Bakhvain Buyadaa

Personal information
- Born: Бахвайн Буядаа 20 May 1946 (age 80)
- Height: 1.72 m (5 ft 8 in)
- Weight: 63 kg (139 lb)

Sport
- Sport: Judo

Medal record
Olympic Games
| Disqualified | 1972 Munich | -63 kg |

= Bakhvain Buyadaa =

Mongolian judoka (born 1946)

Bakhvain Buyadaa (born 20 May 1946) is a retired Mongolian judoka who competed at the 1972 and 1976 Olympics. He finished second in 1972, but tested positive for Dianabol, an anabolic steroid, and was disqualified, becoming the first Olympic judoka to fail a drug test. He finished in tenth place in 1976.

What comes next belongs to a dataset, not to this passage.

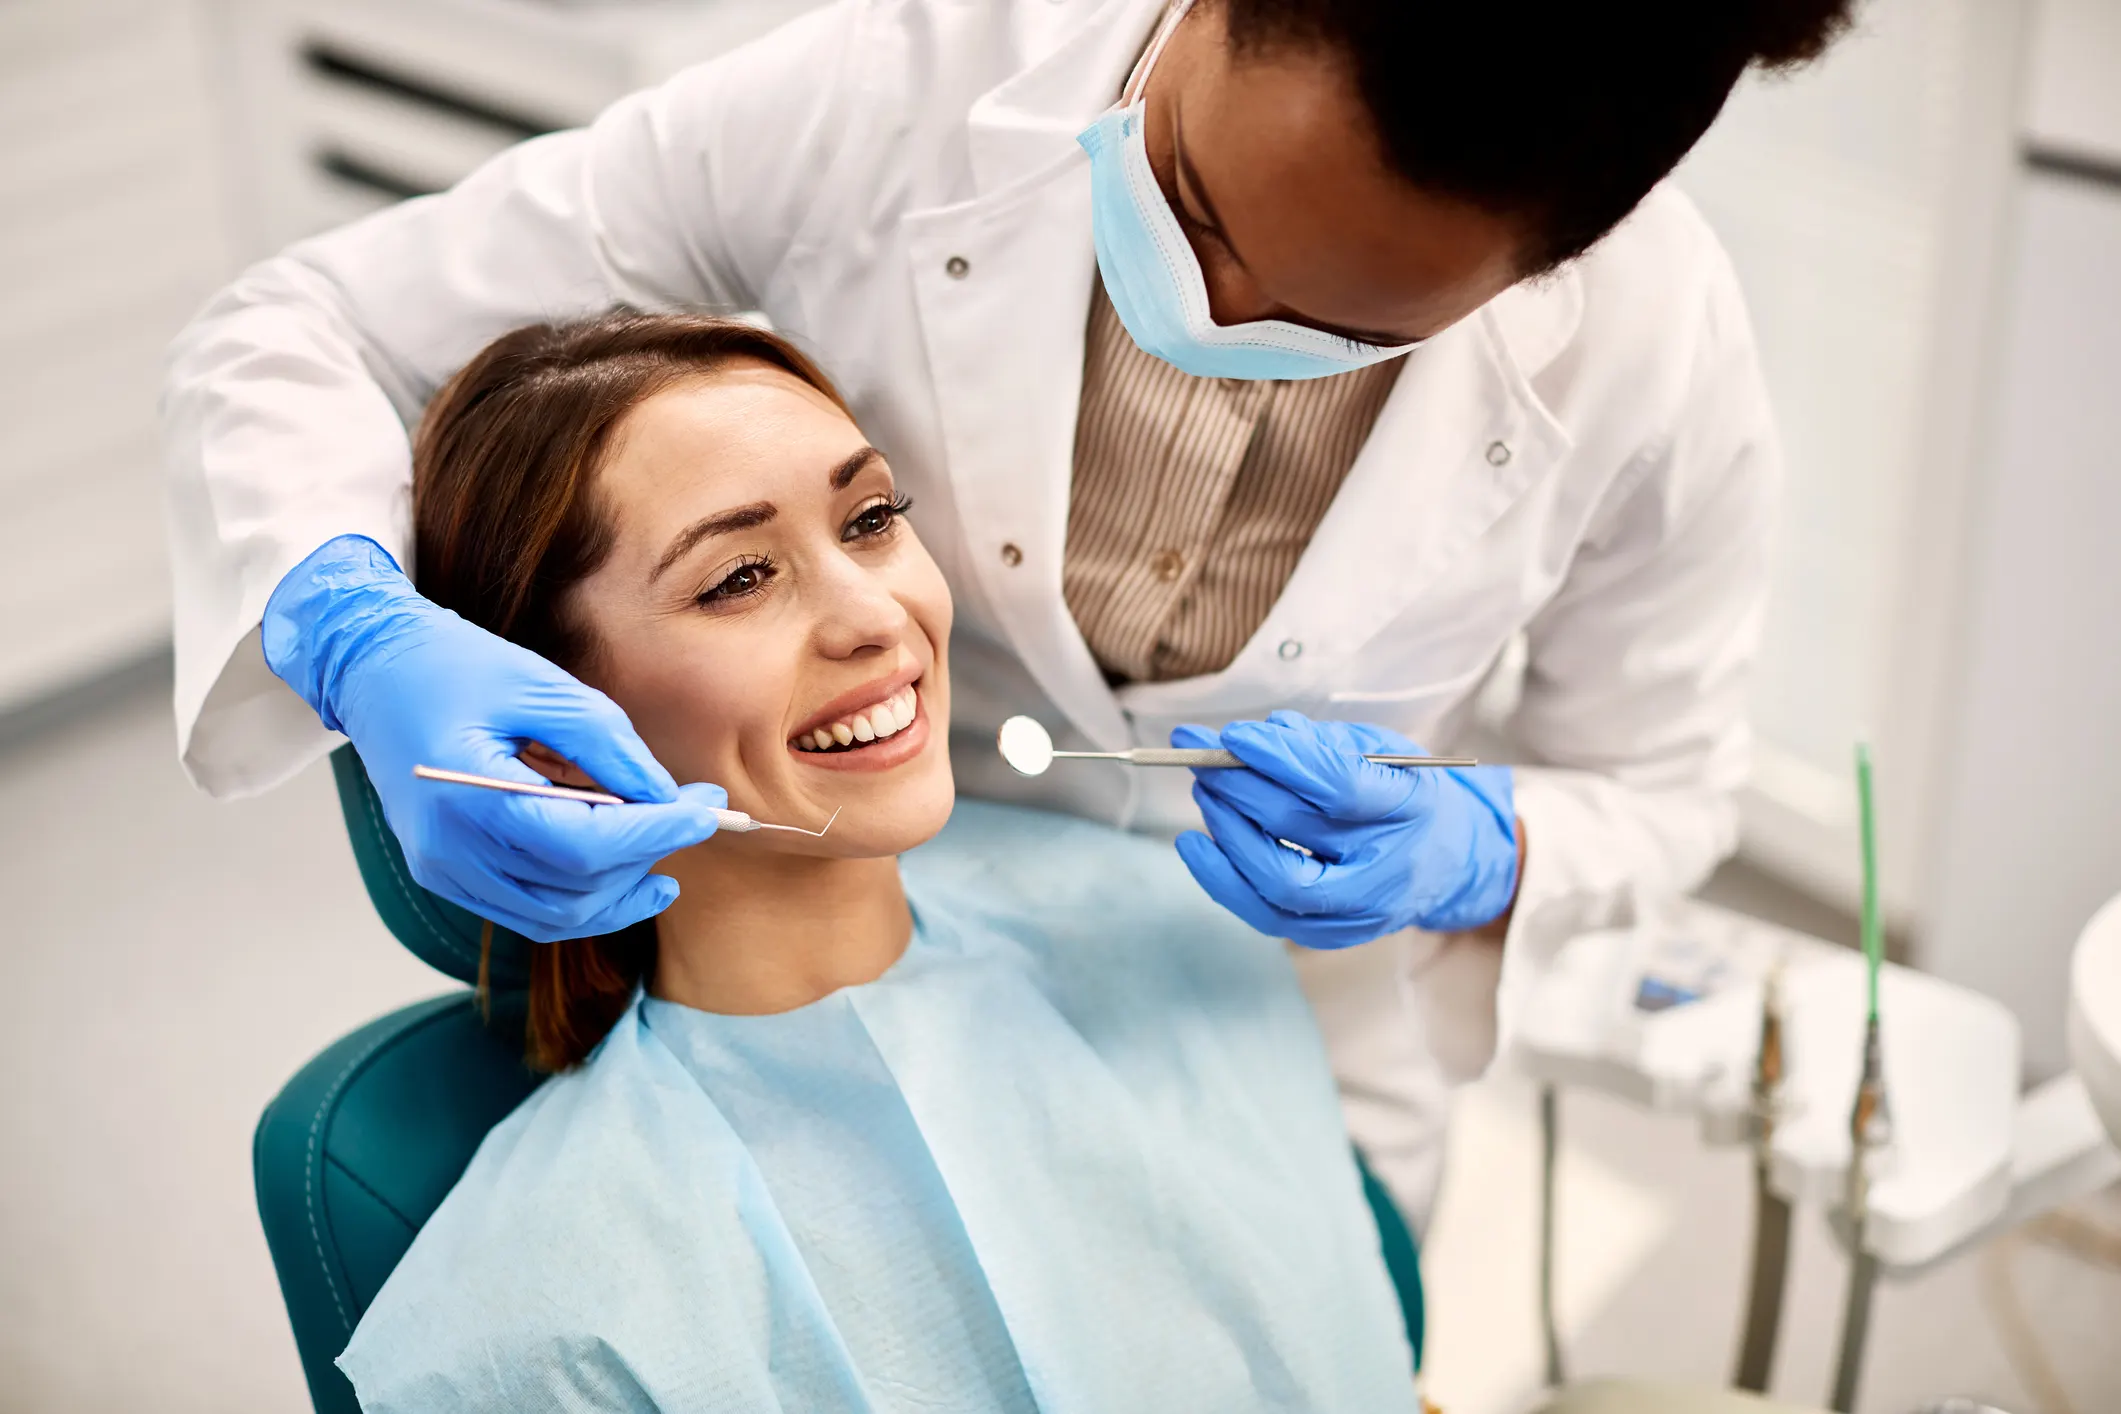 Orthodontic Scheduling A Key to Practice Growth and Patient Satisfaction
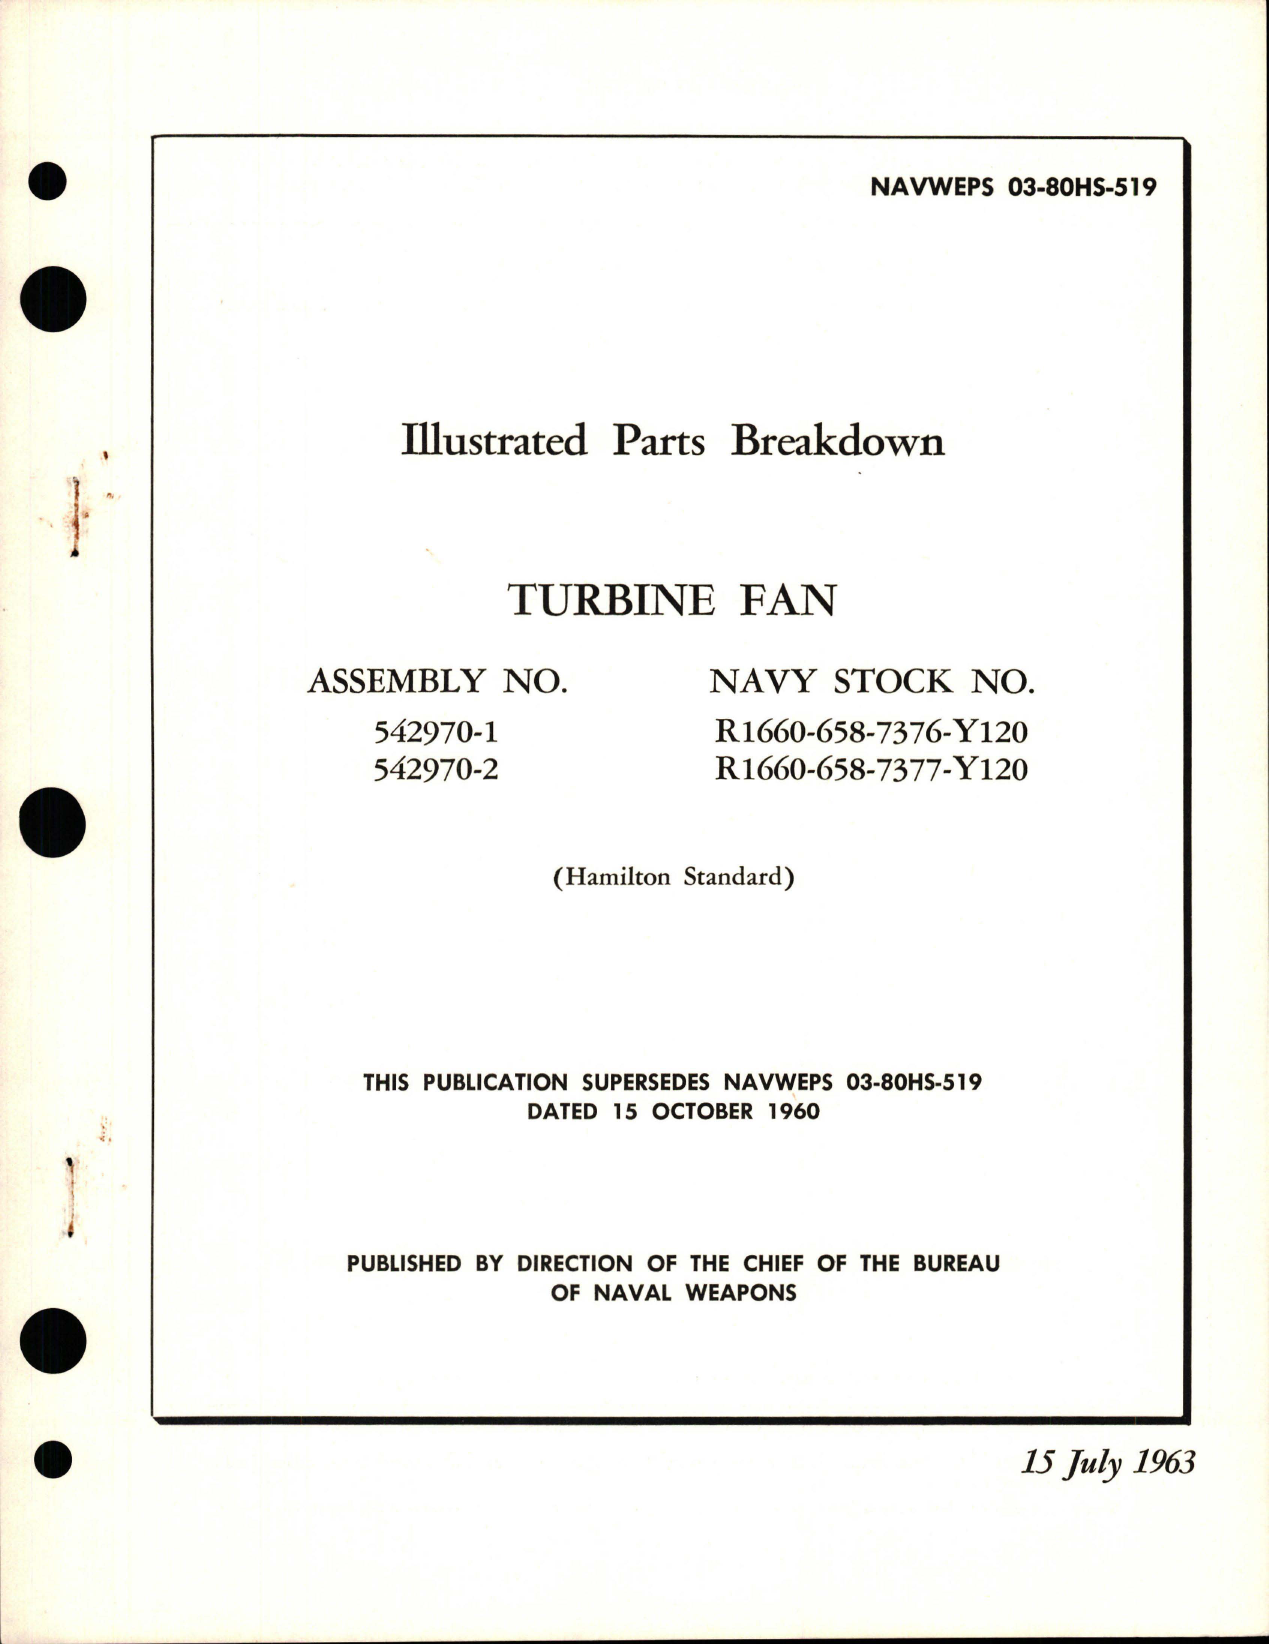 Sample page 1 from AirCorps Library document: Illustrated Parts Breakdown for Turbine Fan - Assemblies 542970-1 and 542970-2

Buyadaa came to the 1972 Olympics with a freestyle wrestling background and no firm knowledge of judo rules. Yet he won his first two bouts, and was close to beating the reigning world champion Takao Kawaguchi in the third. Kawaguchi broke two ribs while escaping from the ground pin by Buyadaa, but managed to win by close decision. In the repechage Buyadaa won against another favorite, Jean-Jacques Mounier. He quickly lost the final to Kawaguchi, and was stripped of his silver medal for failing a drug test.